On the other hand, if the modus operandi is not known, the investigator has to test a range of hypotheses of possible modi operandi. For instance it can be assumed that criminals cover their illegal activities by using substitute words. These wordings are often out of context, for example in a case where the criminals referred to money as “ginger bread nuts”. For such applications tools can be developed. However, the wording is not always so clearly out of context. In another case, a criminal indicated that he was “going to the forest”, whenever he was going to deposit money in his Luxembourg bank account. This type of ordinary sentence might be within context or slightly out of context and will be hard to detect automatically. Moreover, to implement this type of anomaly detection, relevant corpora need to be collected, such that the normal use of language can be modeled.

For many fraud related domains, however, neither knowledge nor reference databases are available to be able to model the normal process. Also, the range of modus operandi hypotheses is unbounded. Lots of general purpose text mining tools and techniques have been developed. Unfortunately, few of them have been applied successfully in special purpose investigations in our Lab.

The question is whether text mining tools that are mostly developed for information retrieval are indeed suitable for fraud investigators.
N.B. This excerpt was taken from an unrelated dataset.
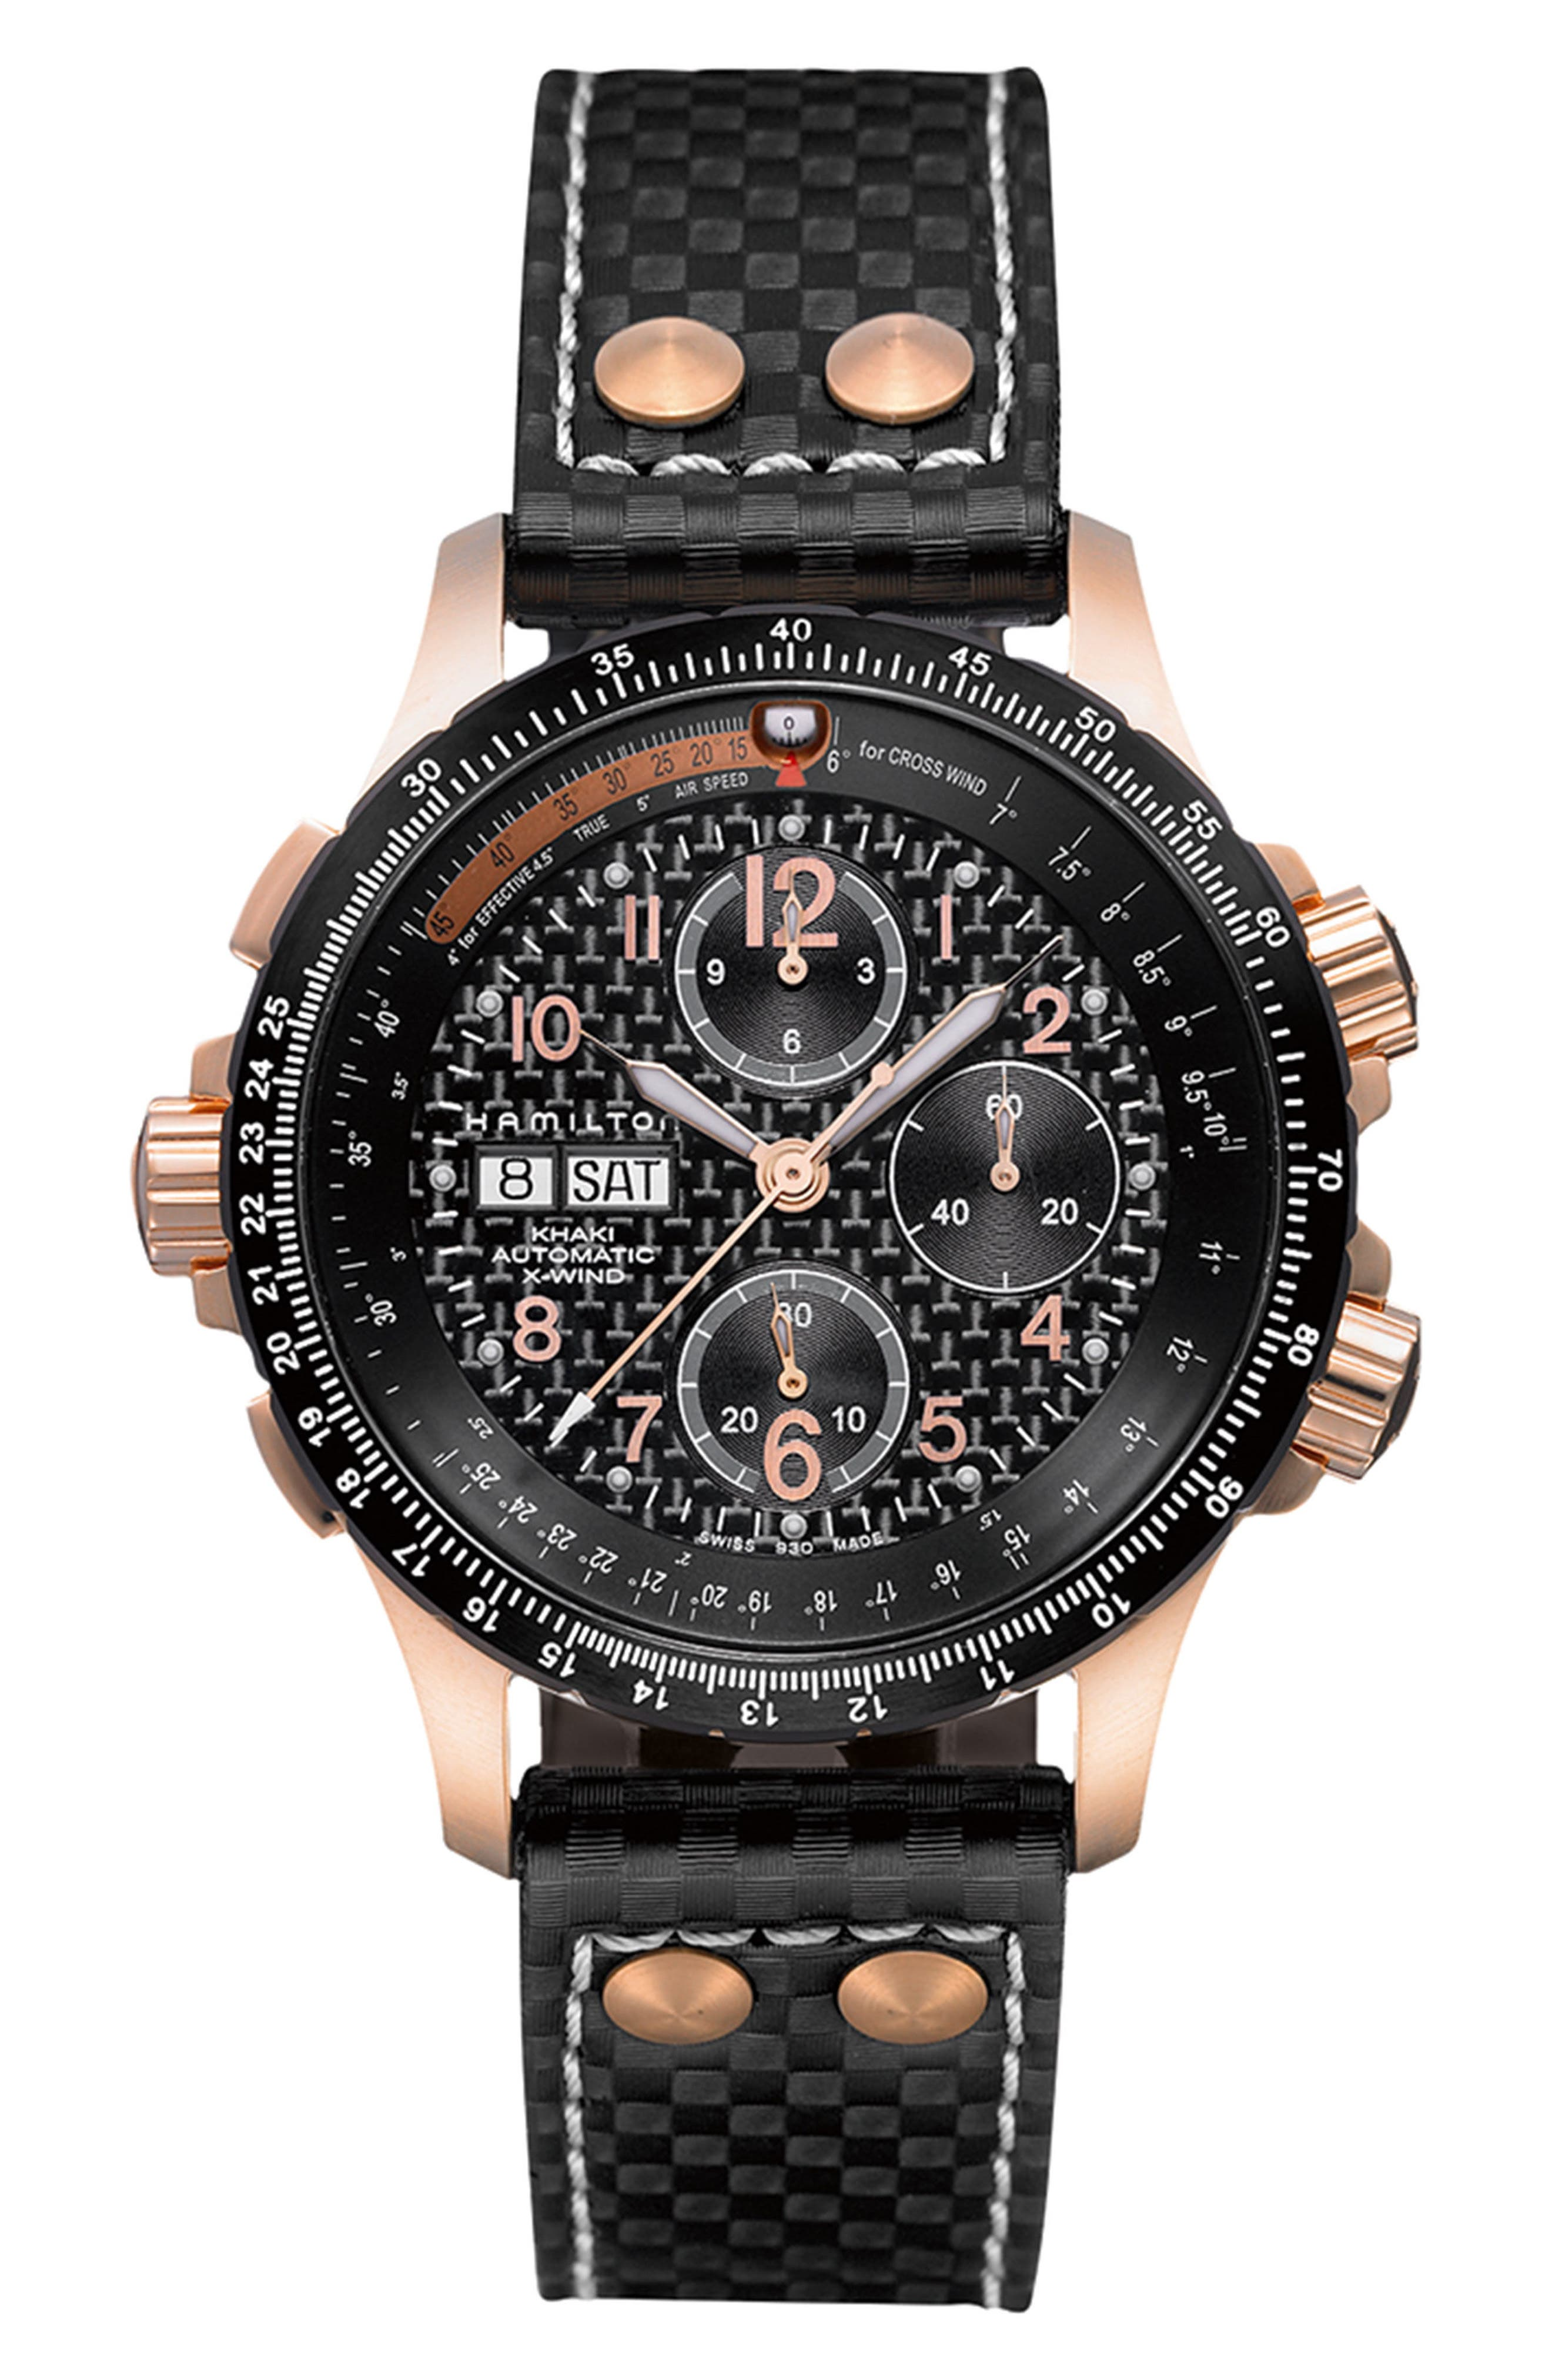 Hamilton Khaki X-Wind Automatic Chronograph Leather Strap Watch, 44mm
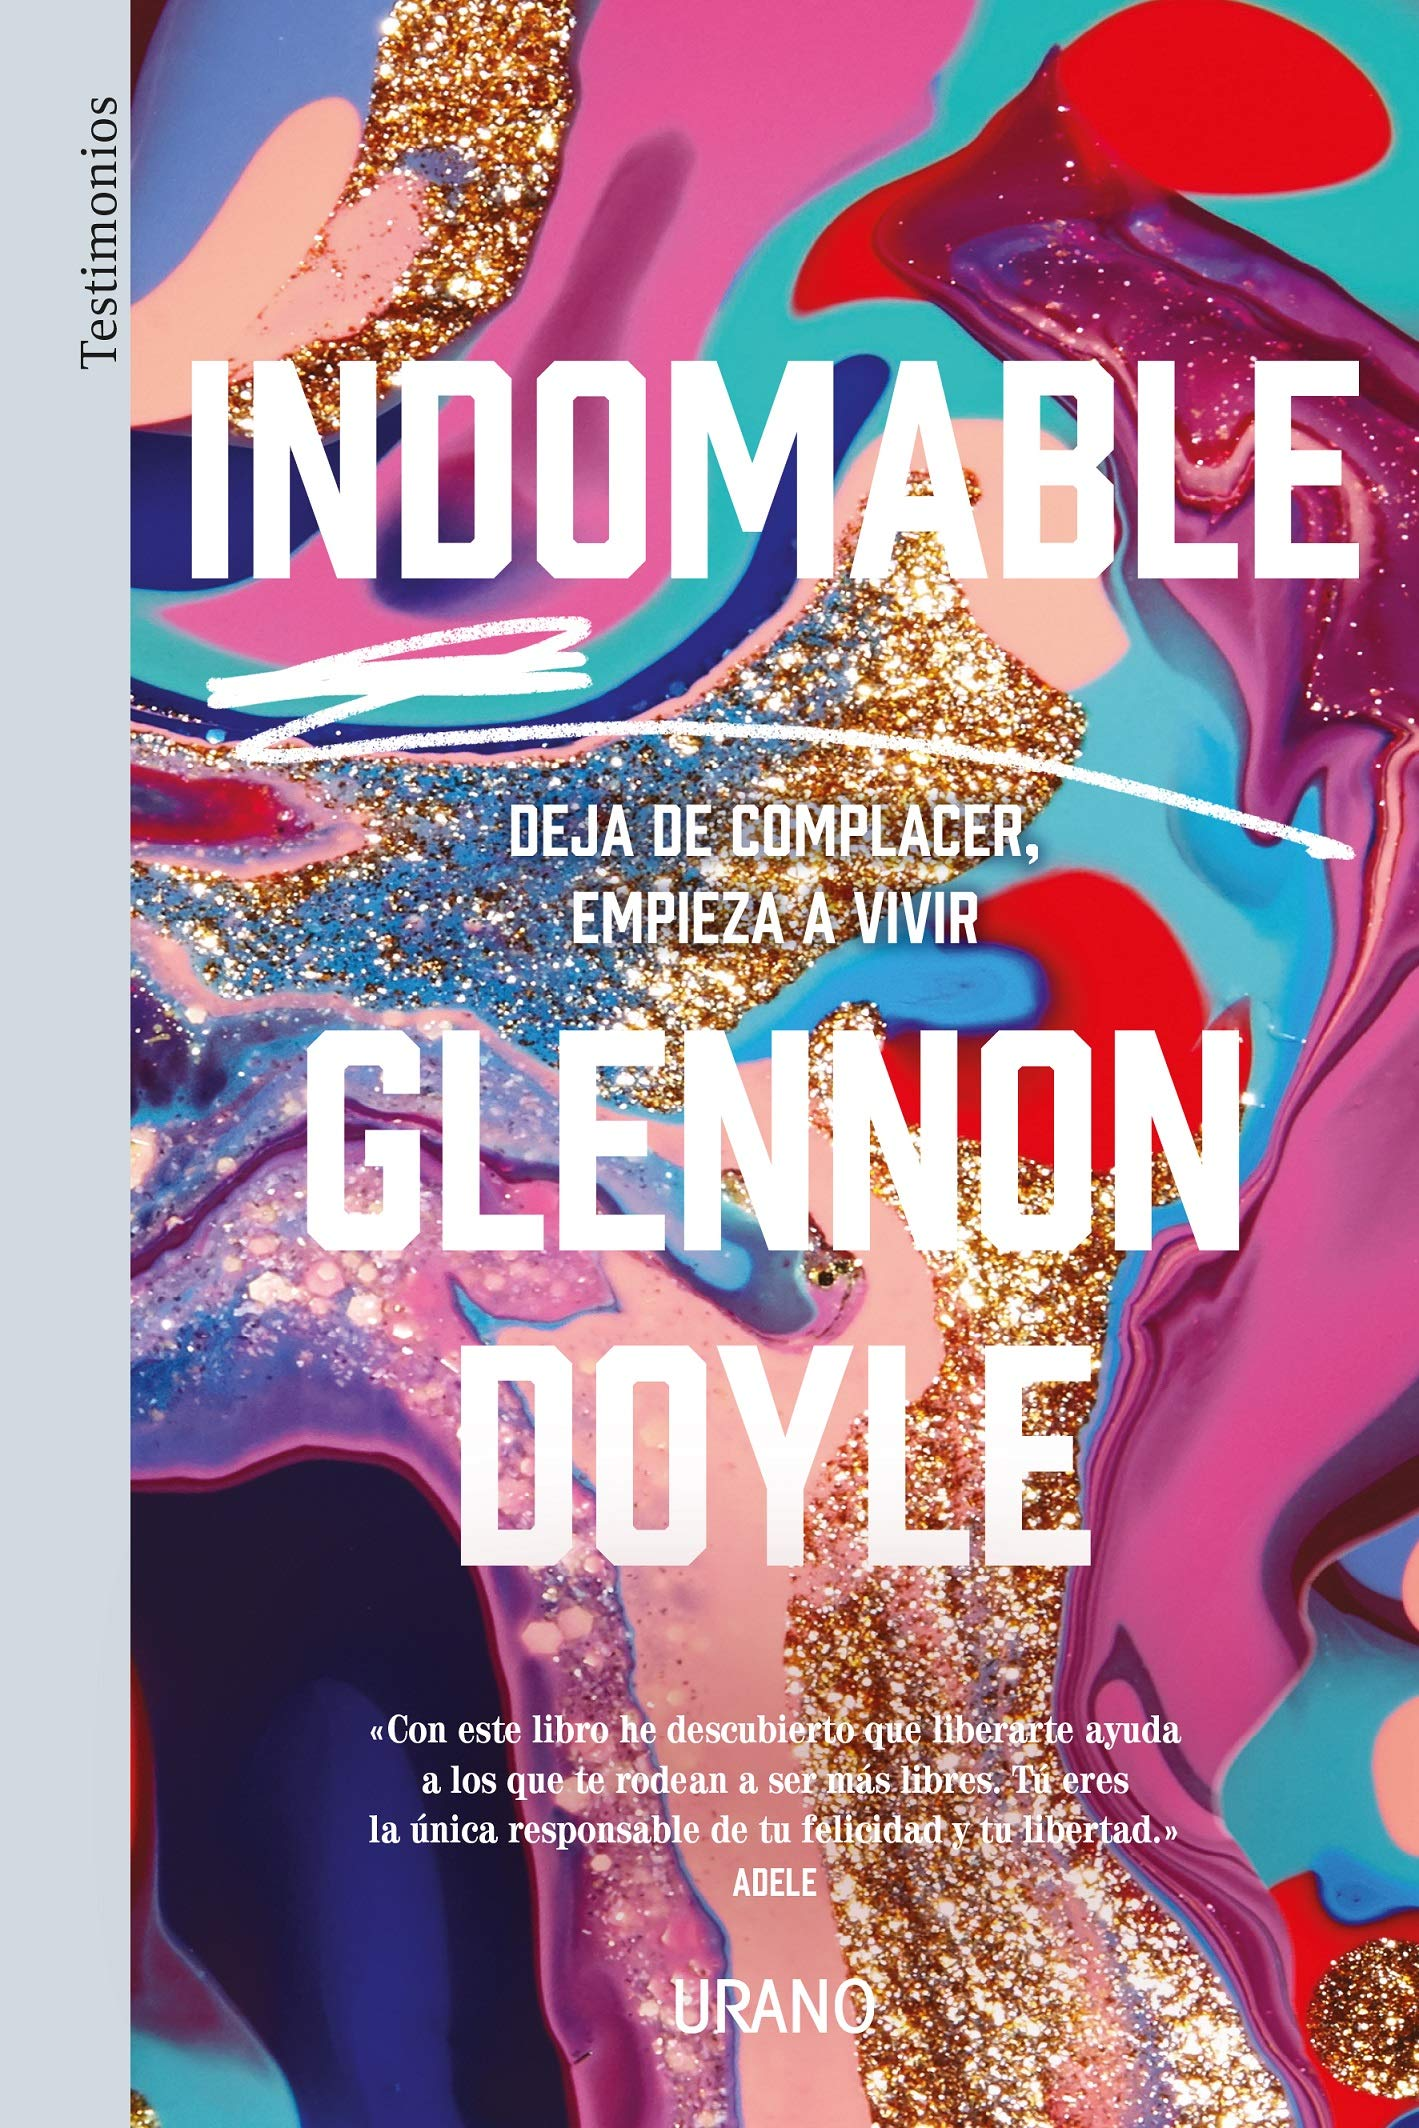 Indomable: Deja de complacer, empieza a vivir (Urano Testimonios) (Spanish  Edition): Doyle Melton, Glennon, Simó Perales, Victoria: 9788417694234:  Amazon.com: Books

It is time to view fraud intelligence on its own for the development of forensic text analytical tools.

Short biography of Henk Knoester

Henk Knoester is investigating officer at the Dutch Tax and Customs Administration — Criminal Investigations branch. The focus of his job is on IT forensic investigations. Knoester is responsible for the research into and the development of tools for (mainly) large fraud investigations.

Knoester received a degree in mathematics from The Hague College. He worked for 20 years at the Dutch Department of Defense where he was responsible for the development of communications systems. Since 2001 he holds his current position.